## EXERCISE GOAL
Would you repeat the listing exactly but omit every picture?

## INFORMATION PROVIDED
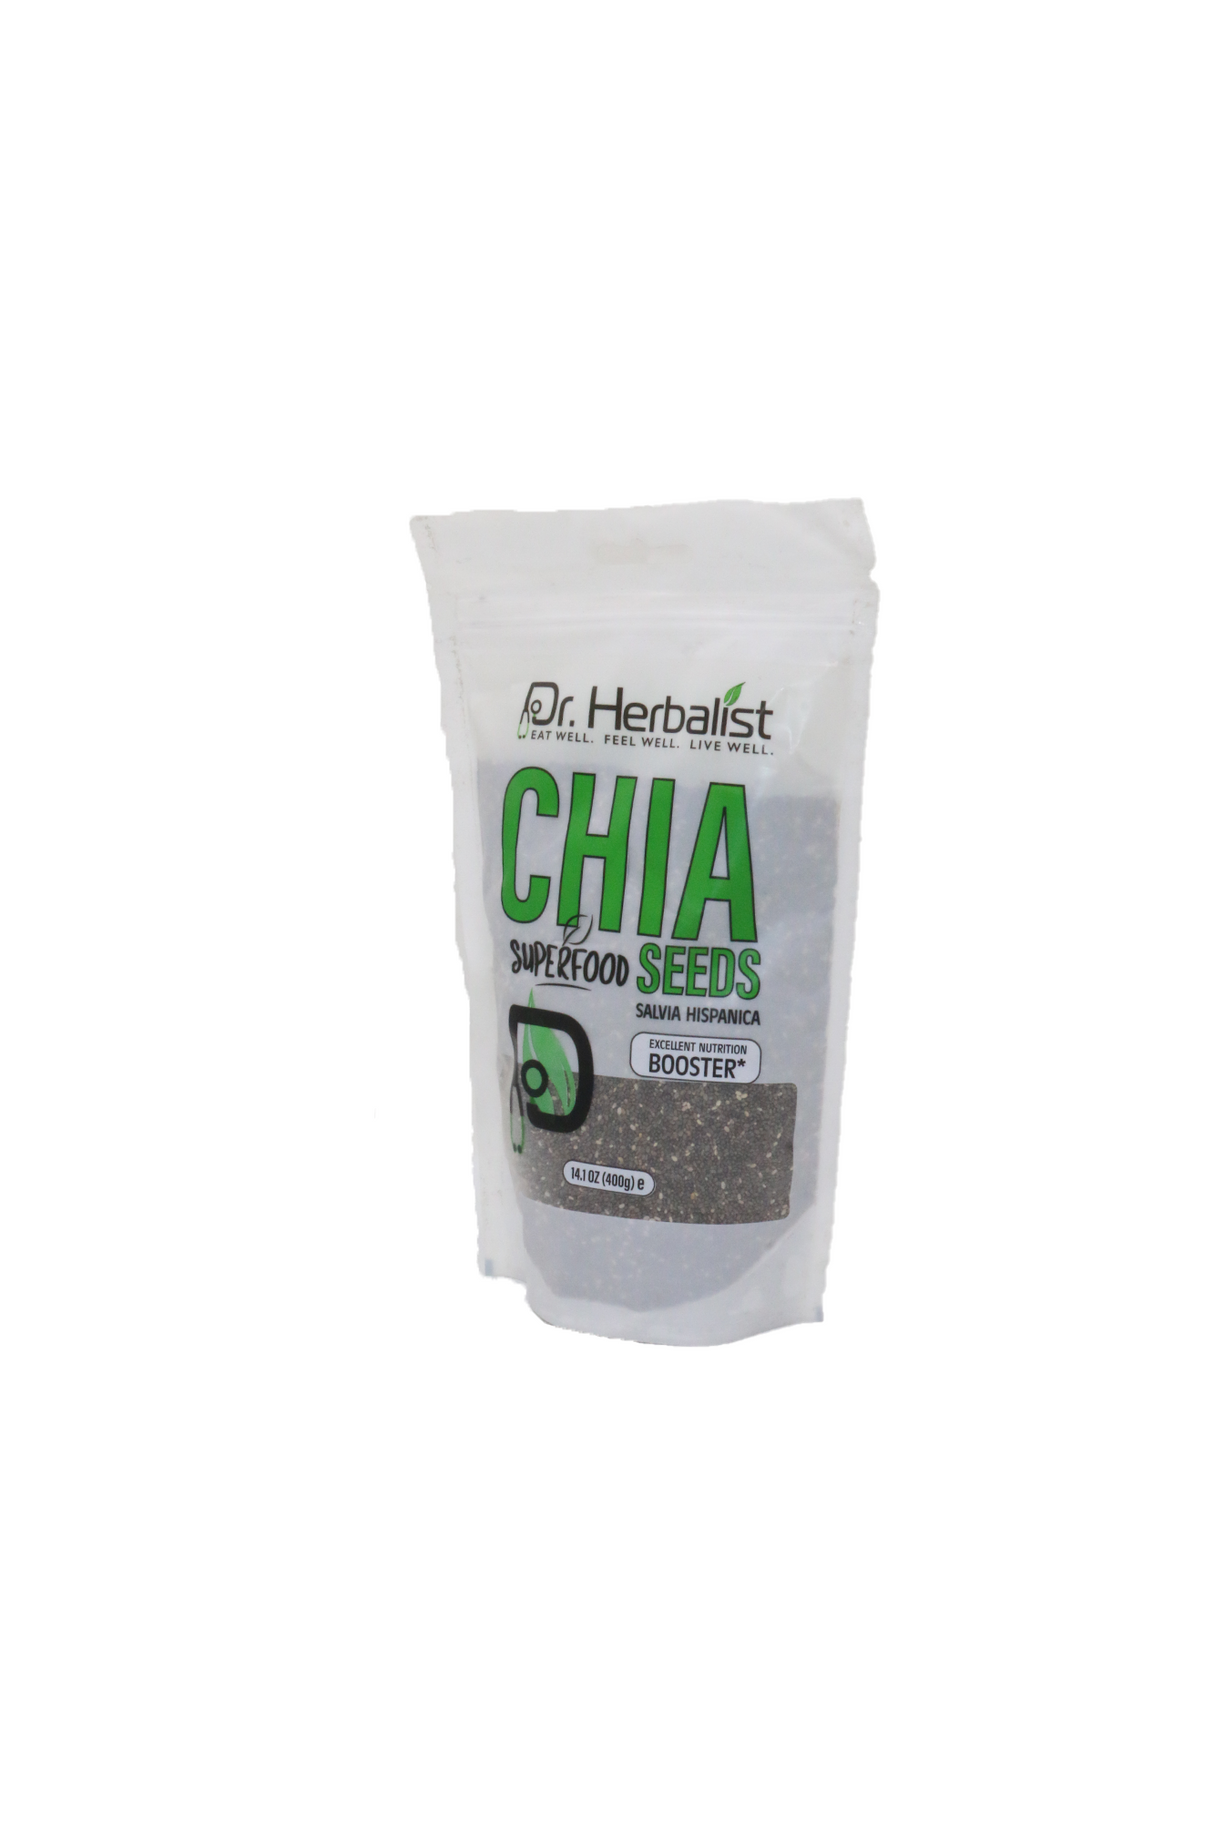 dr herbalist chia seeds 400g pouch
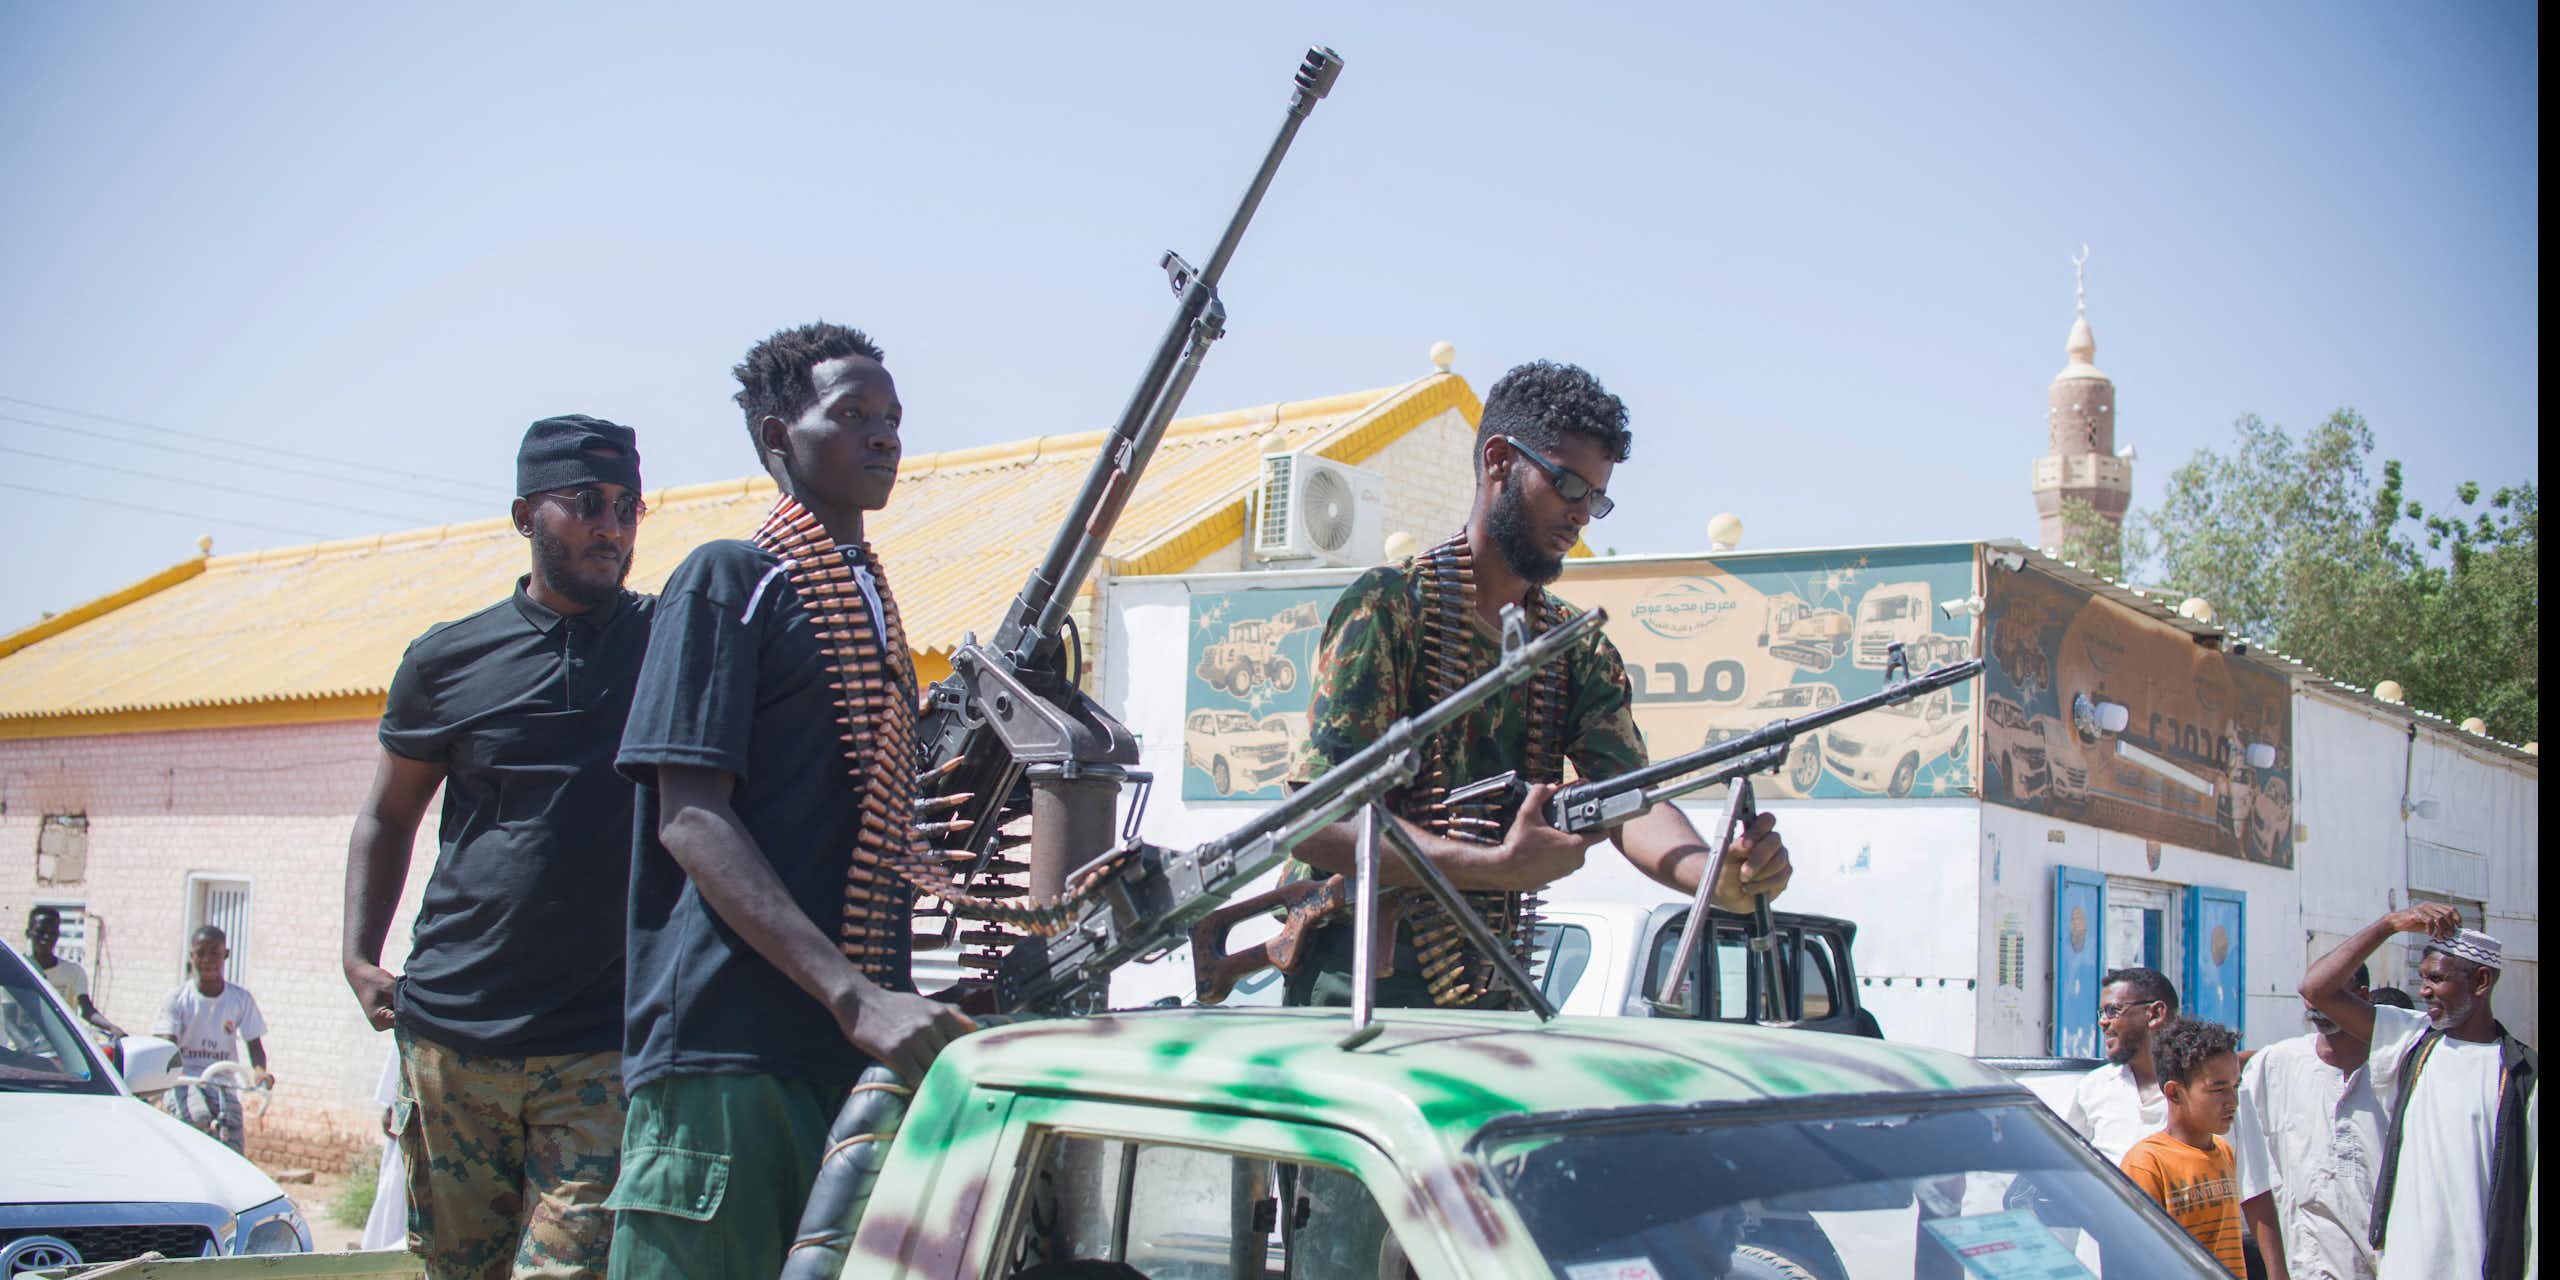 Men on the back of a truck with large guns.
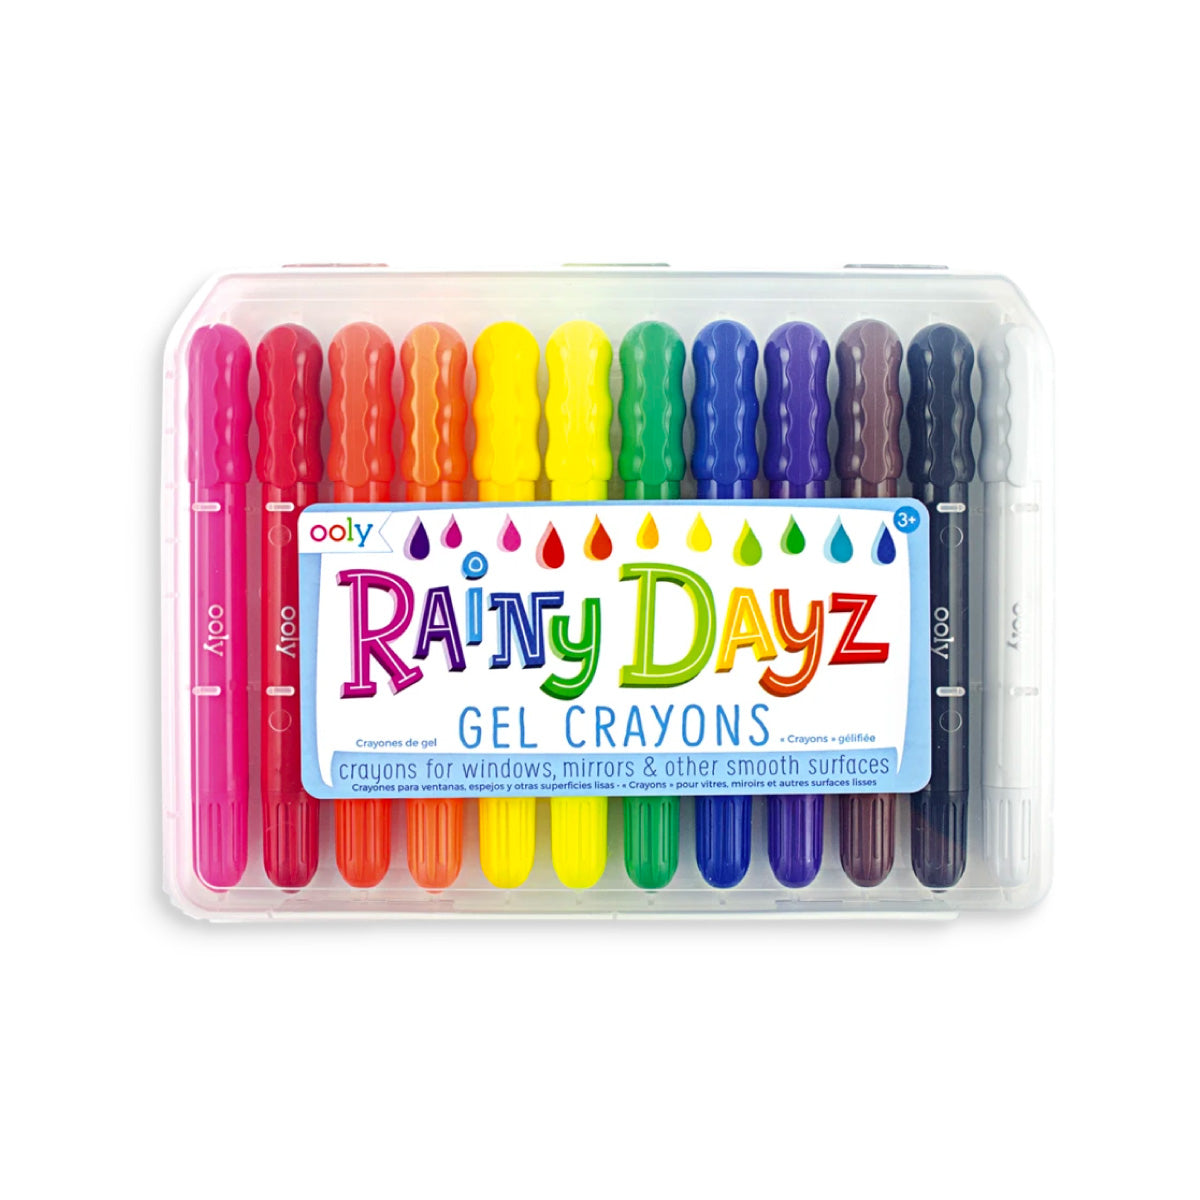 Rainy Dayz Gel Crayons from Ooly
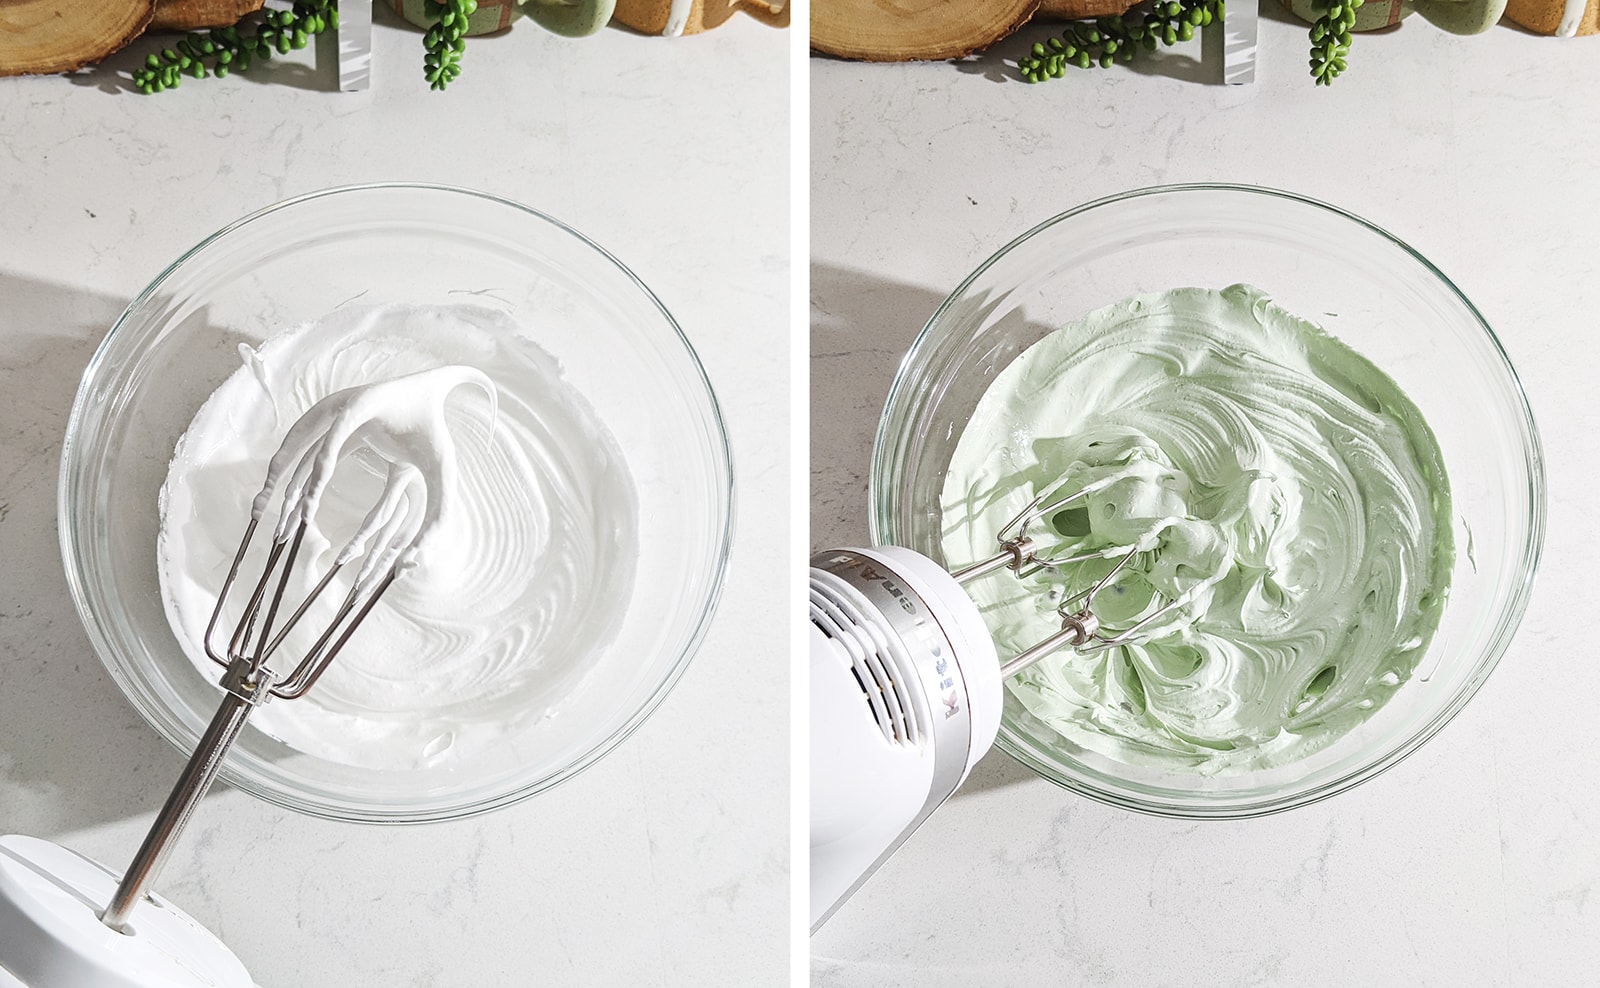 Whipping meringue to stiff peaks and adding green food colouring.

## TASK SOLUTION
 dr herbalist chia seeds 400g pouch
 Men on the back of a truck with large guns.
 Rainy Dayz Gel Crayons from Ooly
 Whipping meringue to stiff peaks and adding green food colouring.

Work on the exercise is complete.